Working with a community group from Mand, which lies some 50 km from Pohnpei's main town, Kolonia, the 'Go Local' campaign was able to focus on 20 species of breadfruit selected for promotion, drawing on assessments made of their nutritional content. Karat and other yellow and orange-fleshed bananas were high on the list as well as other species rich in provitamin A, such as giant swamp taro and pandanus.

About half the adult population of Mand, around 120 adults, took part in a variety of activities, including group interviews on foods eaten; weight, height and waist measurement; talks and films on healthy lifestyles; eating local foods and distributing planting material. A community working group helped to guide and plan the activities.

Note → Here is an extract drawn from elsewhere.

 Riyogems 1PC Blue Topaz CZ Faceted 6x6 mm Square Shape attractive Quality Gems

Across Pohnpei, numerous initiatives have helped spread the 'Go Local' messages. By use of short, fun messages ('Be happy - eat a banana!'), songs and dramas to highlight CHEEF values, the publicity campaign has achieved extremely high rates of recognition. Newspaper and other news reports on the project at regional and international levels have also increased local interest. However, the success of the activities has been due largely to the many participating agencies which have provided support.

Assessing the impact

The impacts of the work in Mand have not yet been revolutionary, but there are encouraging signs of change. Learning and discussing their health, and the nutritional values of their local foods, has proved important in convincing people that a change of diet was needed and possible. Surveys conducted in 2005 and 2007 have revealed that diets have become more diverse, matched by an approximate 30 per cent reduction in average daily consumption of imported white rice.

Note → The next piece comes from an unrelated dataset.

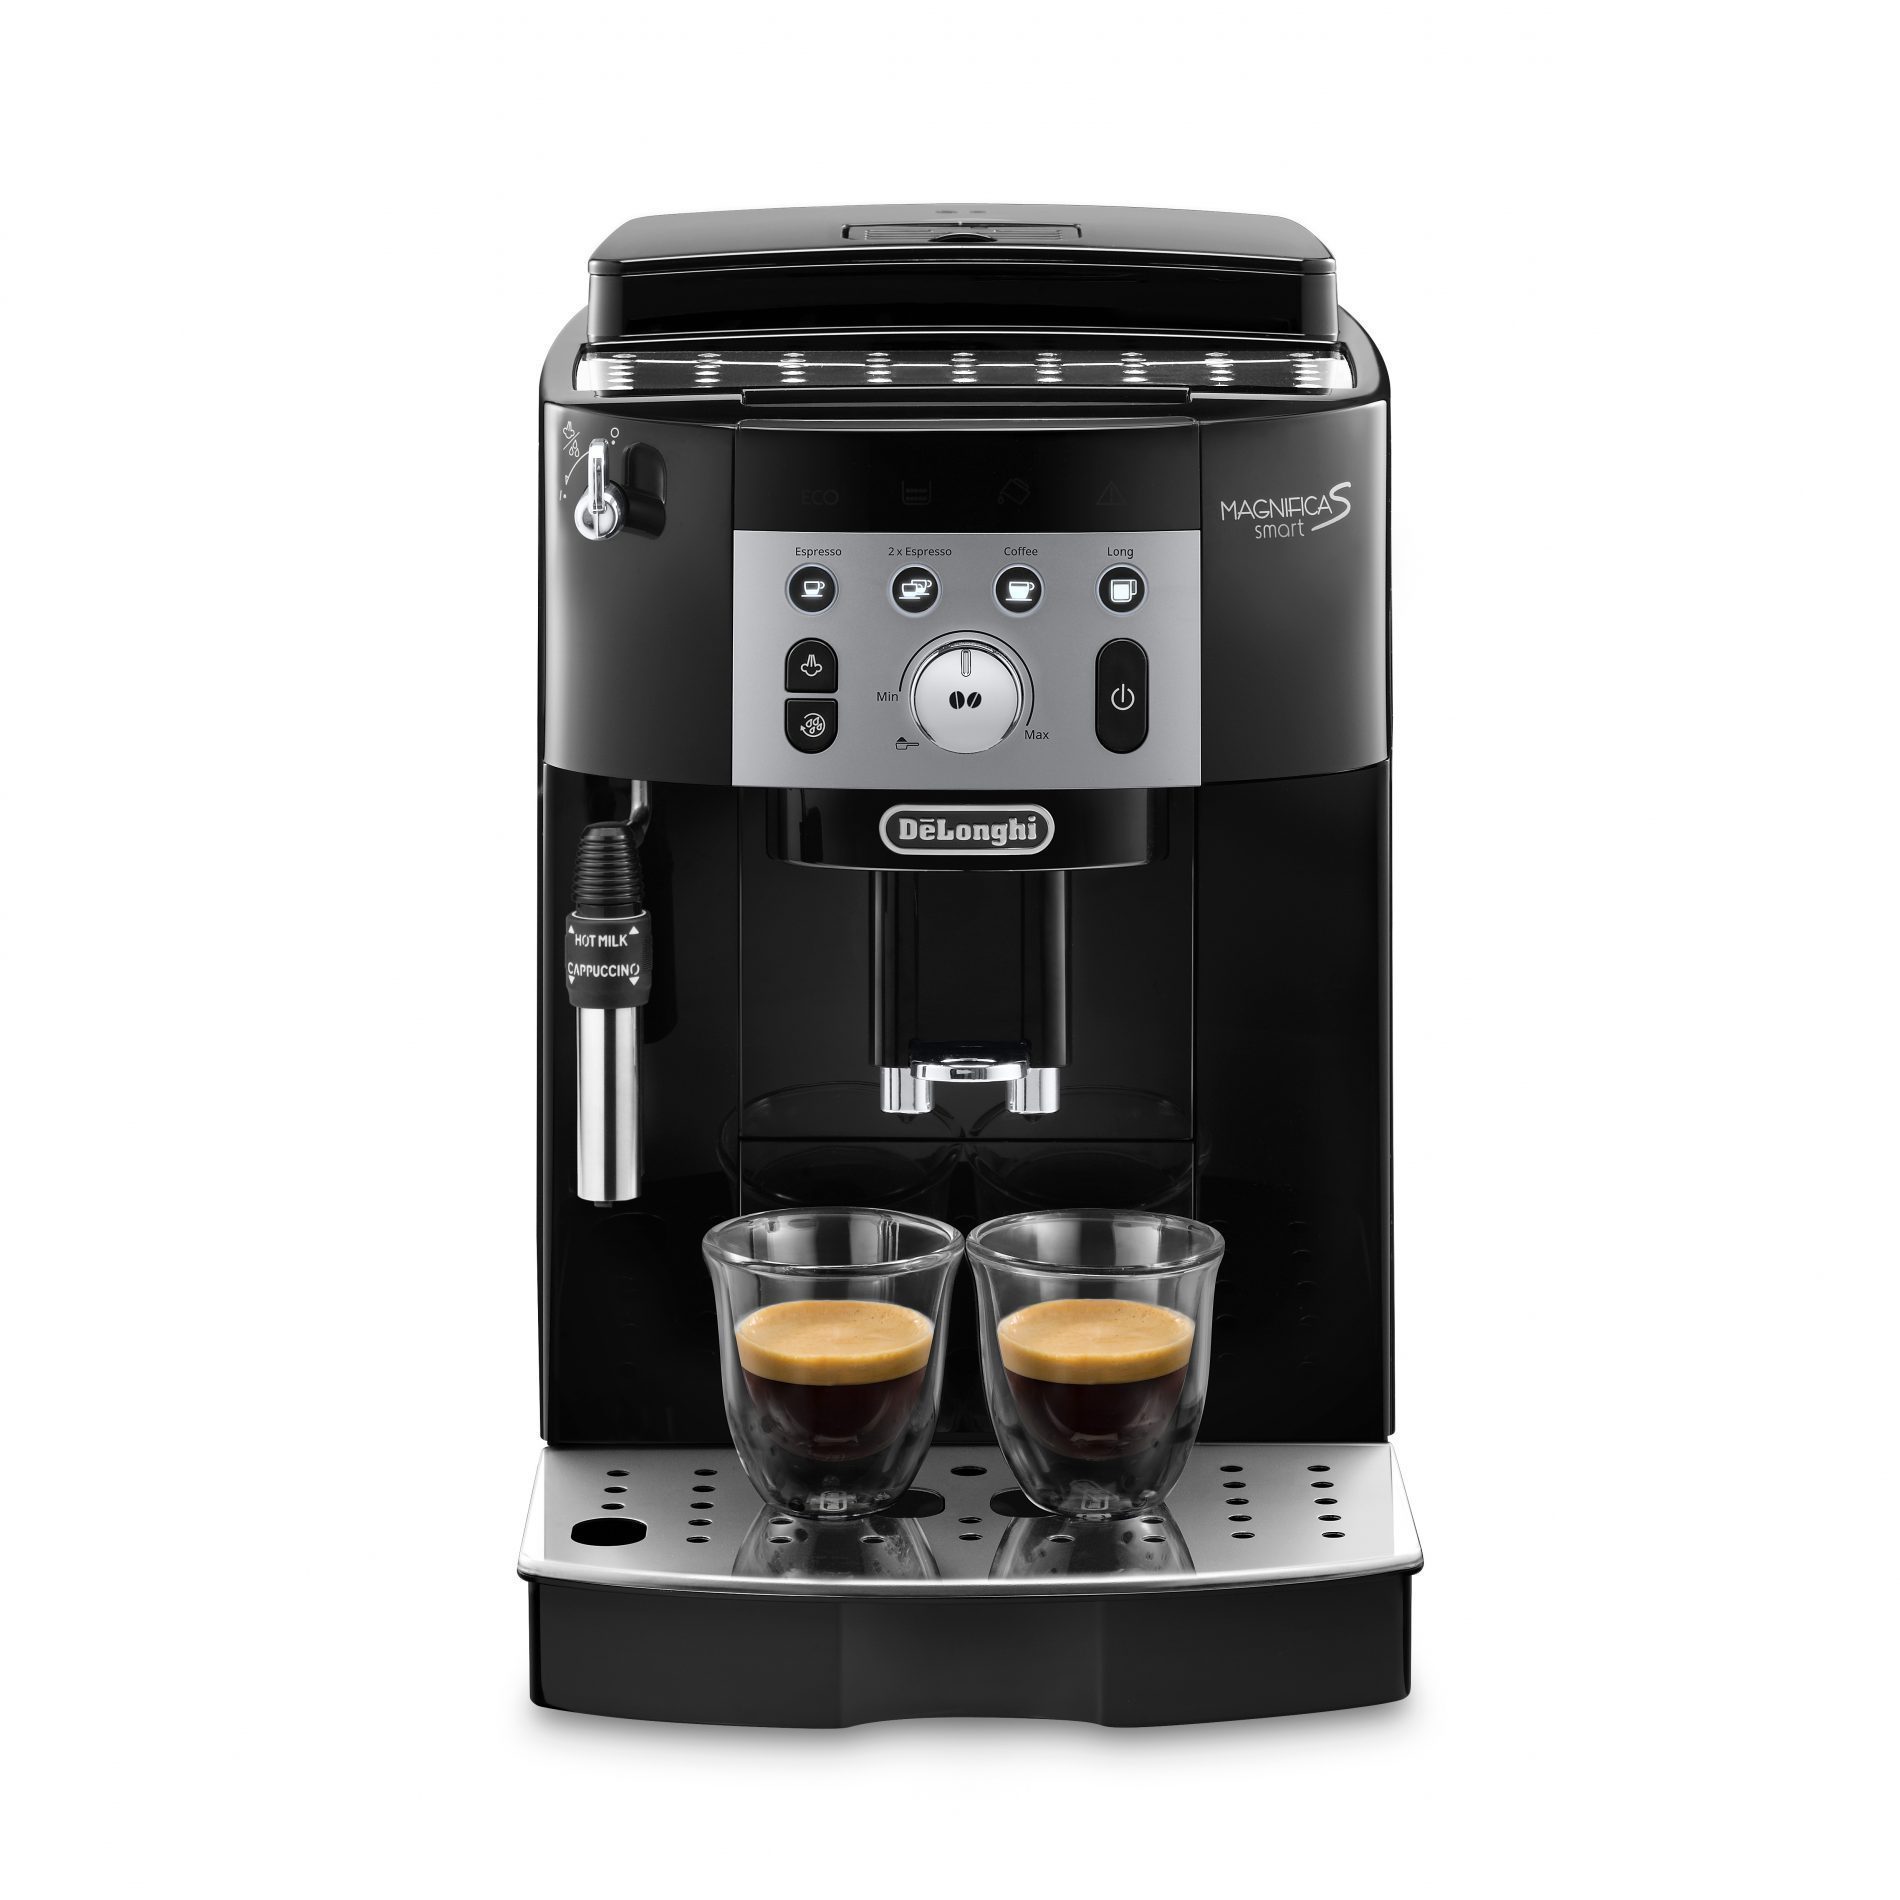 Machine à café grains Delonghi Magnifica S Smart FEB 2533.B

To back the campaign, IFCP has only ever served local food at community meetings to demonstrate, as Englberger says, "that what can be served at large functions, can also be served at home." To lead by example, many officials have given up eating rice with the IFCP chairman enthusiastically reporting that even his grandchildren had decided they wanted to eat like him. Encouragingly, the IFCP work is also supported by FSM President Mori, and it is hoped that a new policy for government-supported workshops to serve local food will soon be introduced.

Diets have become more diverse as island communities consume more local food (Island Food Community of Pohnpei)
Diets have become more diverse as island communities consume more local food
Island Food Community of Pohnpei

Spreading the word

"Raising awareness of CHEEF benefits is good but not enough," says IFCP vice-chairman Moses Pretrick. "We have to now look at policy issues wherever we can. We are encouraged by the recent development that the Mand community now has a policy of banning imported soft drinks at community meetings and we are working to see how import taxes on soft drinks might be introduced to perhaps encourage other communities to do the same."

Englberger concludes that the hard work and dedication in promoting the 'Go Local' messages has paid off. "It's so exciting so see what a difference it has made in Mand," she says. "It took us seven years to develop a poster we knew really worked but we know the lessons we've learned can be applied across the Pacific to help others celebrate their local diversity and benefit from it."

Beyond Pohnpei, Englberger and colleagues have just returned from a 'Go Local' workshop in Kosrae, the neighbouring island state, but it is hoped wider impact will be achieved when recent developments are presented at the regional meeting for the Pacific Food Summit, soon to be held in Vanuatu.